Problem to solve -
Return the data below exactly, please, but drop the pictures.

Start of Supplied information

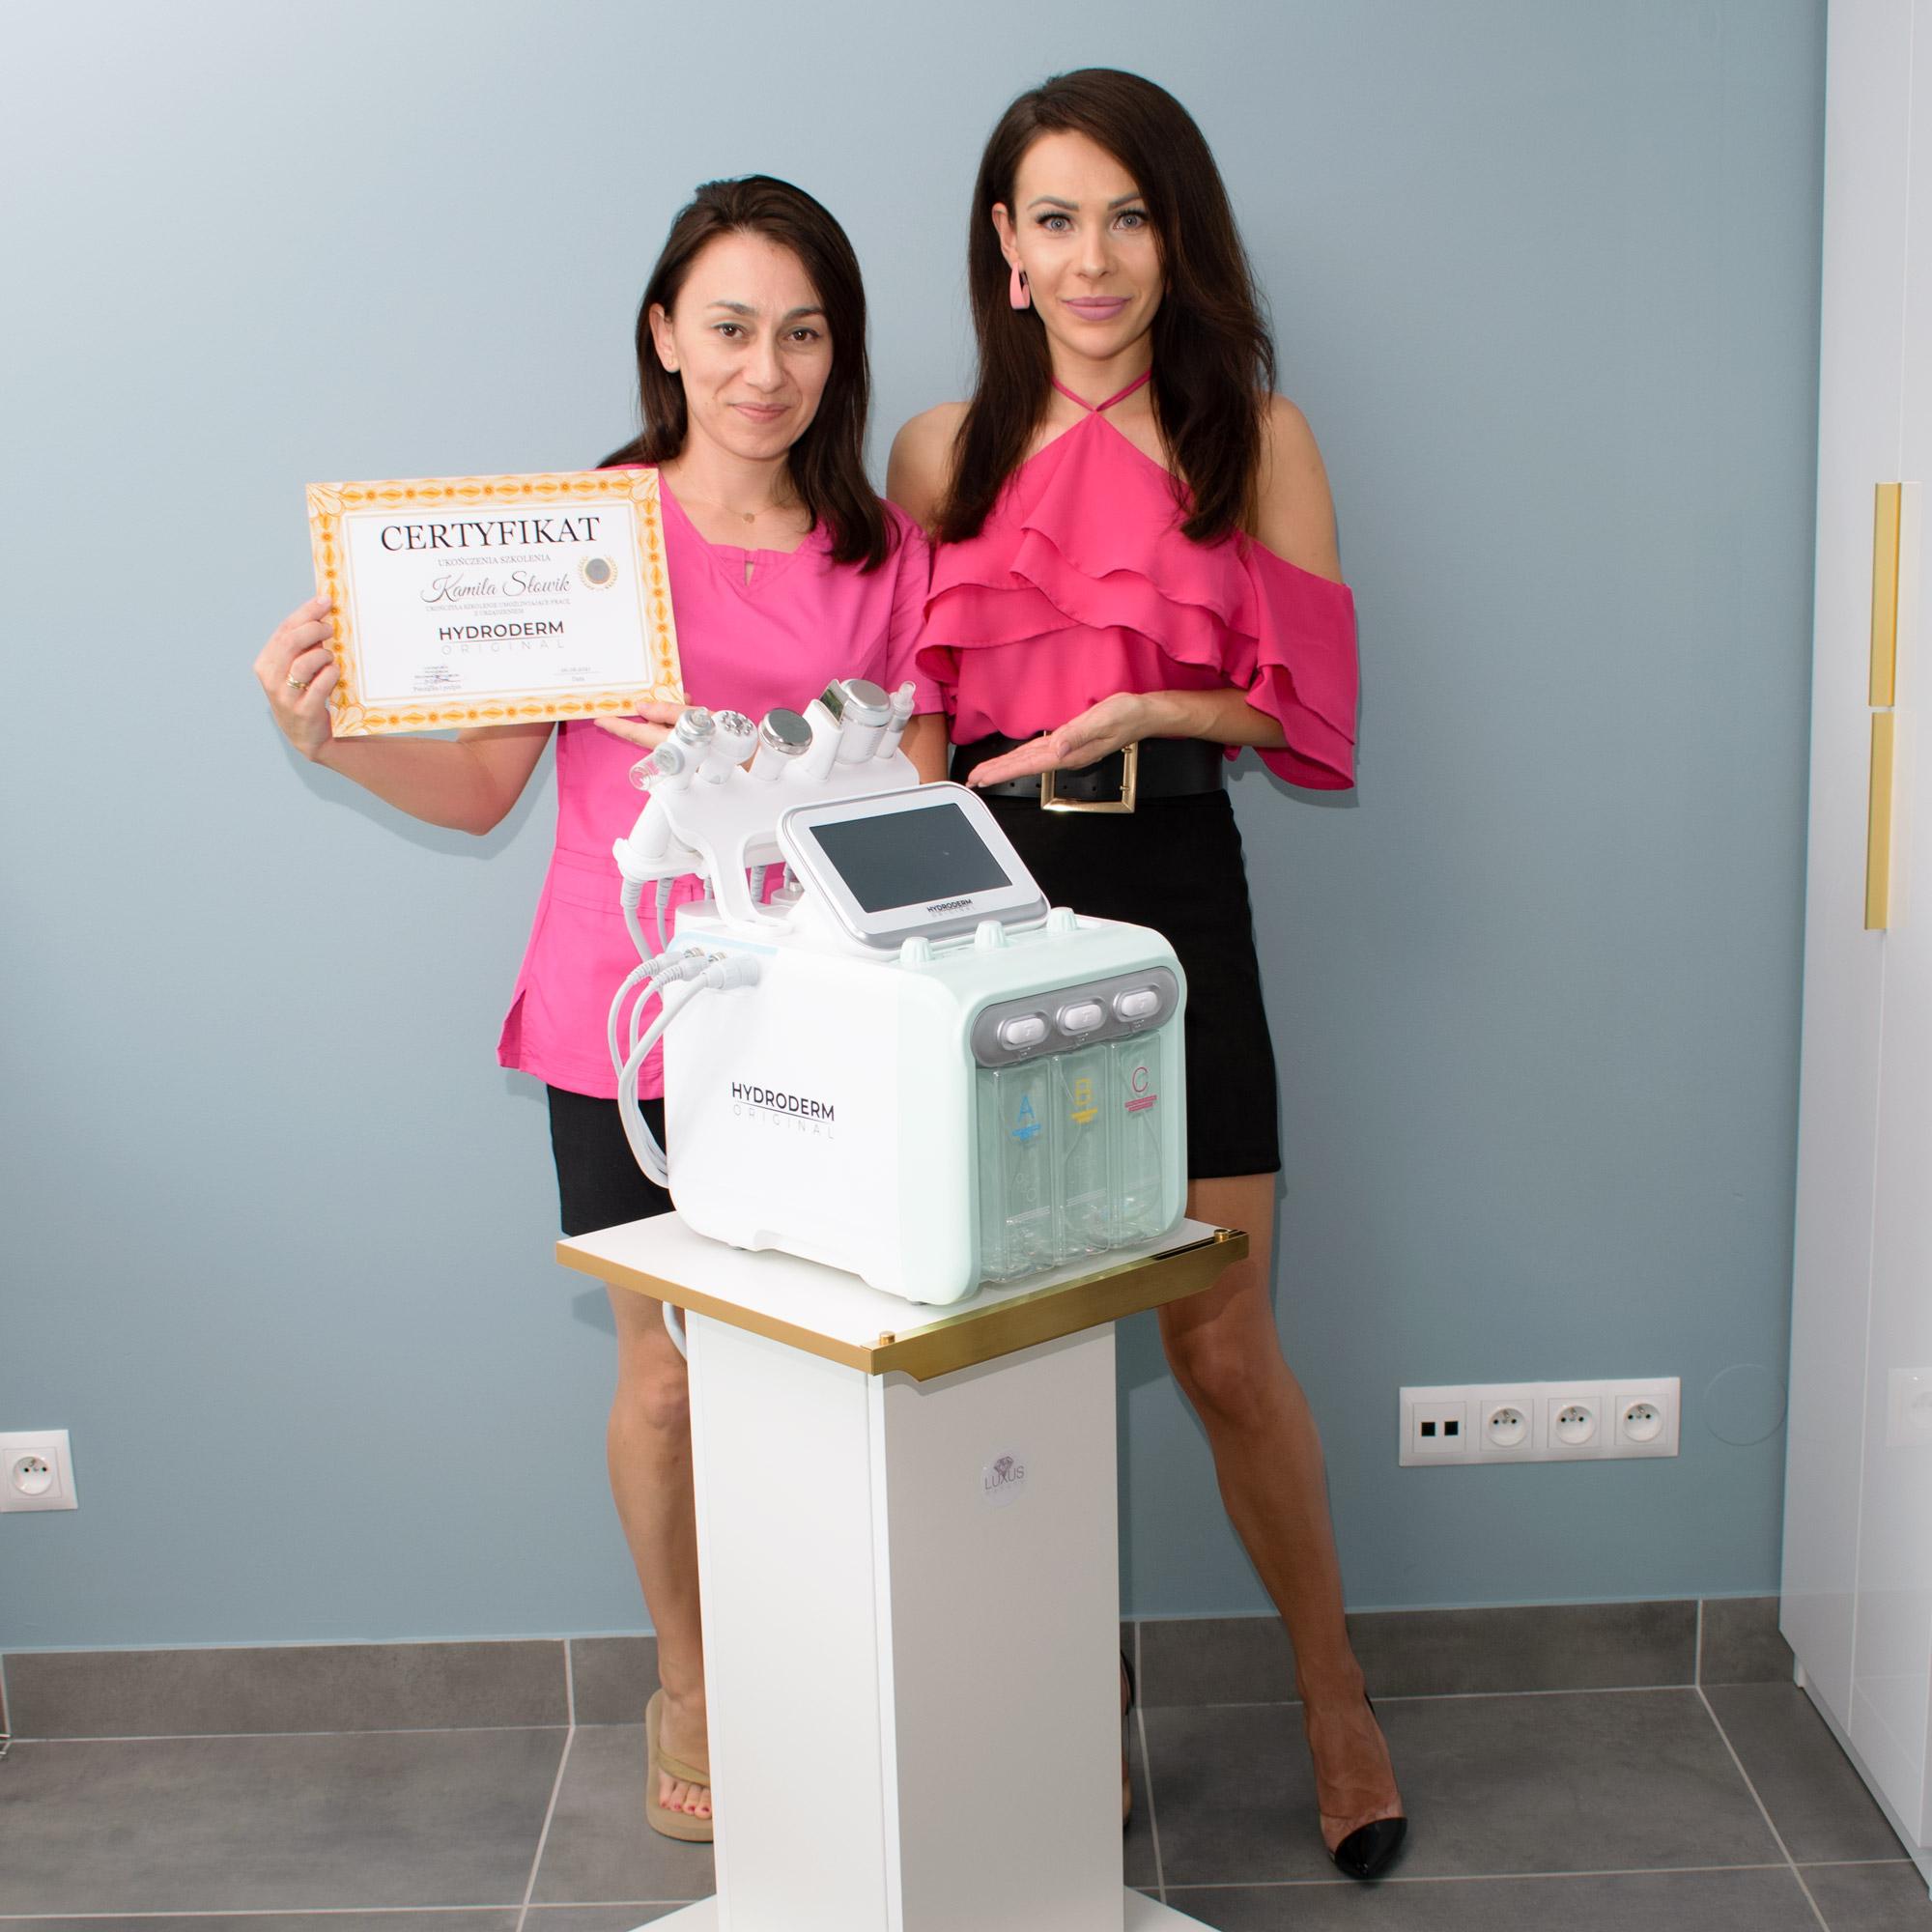 Zobacz jak wygląda szczęśliwa klientka kursu z nabytą umiejętnością oczyszczania wodorowego
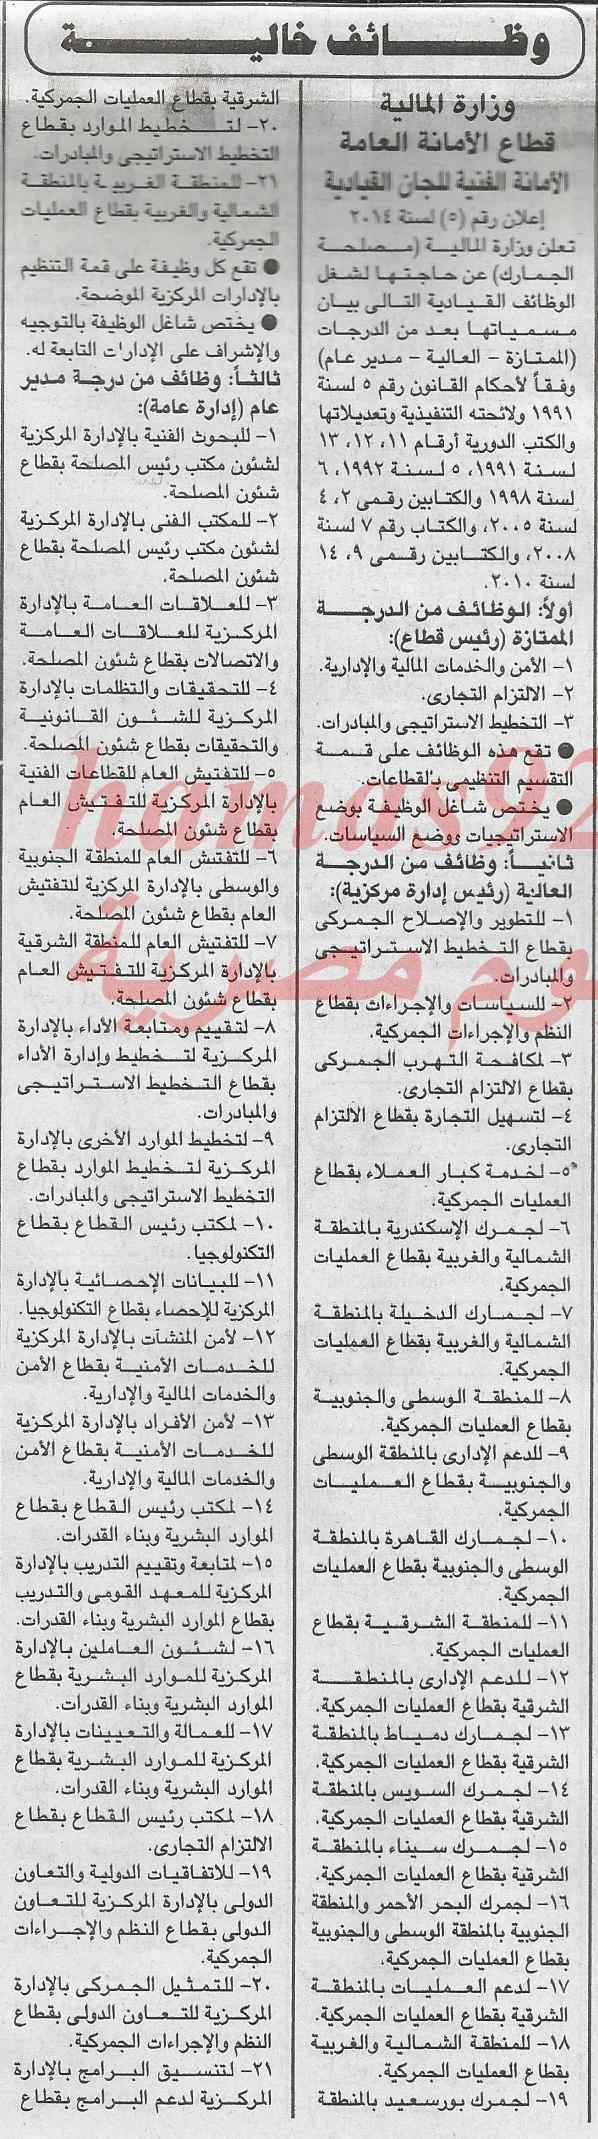 وظائف جريدة الجمهورية اليوم السبت 8-2-2014 , وظائف خالية اليوم 8 فبراير 2014
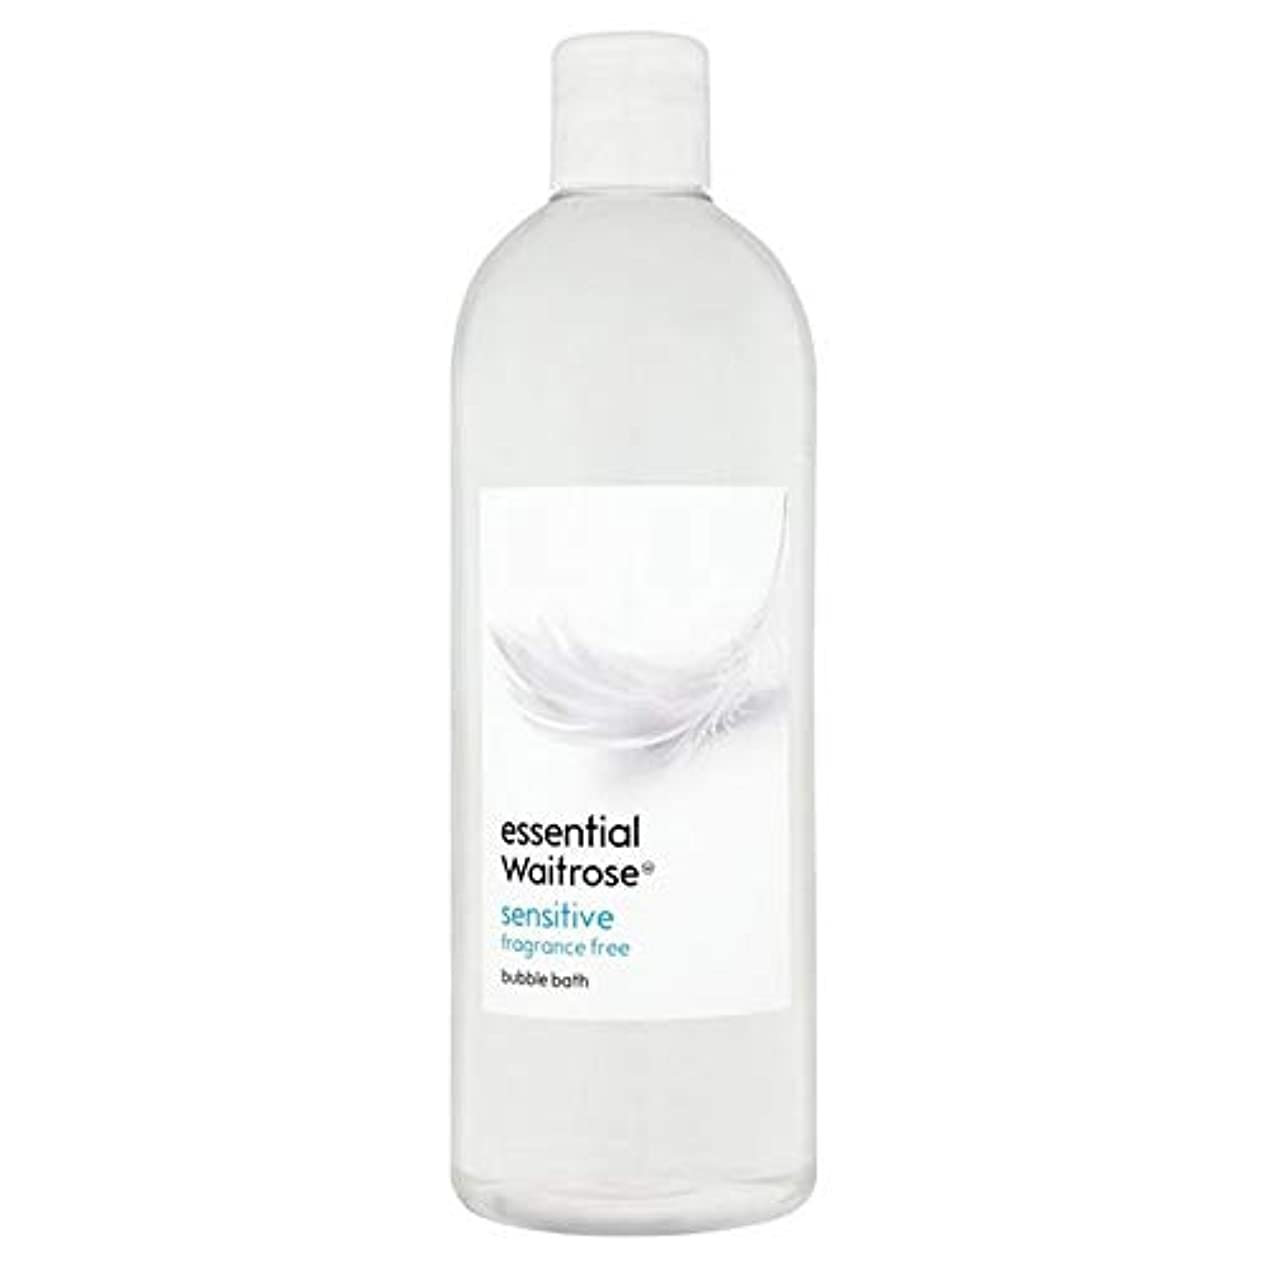 干ばつ説明する教室[Waitrose ] 基本的なウェイトローズ泡風呂に敏感な750ミリリットル - Essential Waitrose Bubble Bath Sensitive 750ml [並行輸入品]

End of Supplied information

Solution -
 Zobacz jak wygląda szczęśliwa klientka kursu z nabytą umiejętnością oczyszczania wodorowego
 وظائف جريدة الجمهورية اليوم السبت 8-2-2014 , وظائف خالية اليوم 8 فبراير 2014
 干ばつ説明する教室[Waitrose ] 基本的なウェイトローズ泡風呂に敏感な750ミリリットル - Essential Waitrose Bubble Bath Sensitive 750ml [並行輸入品]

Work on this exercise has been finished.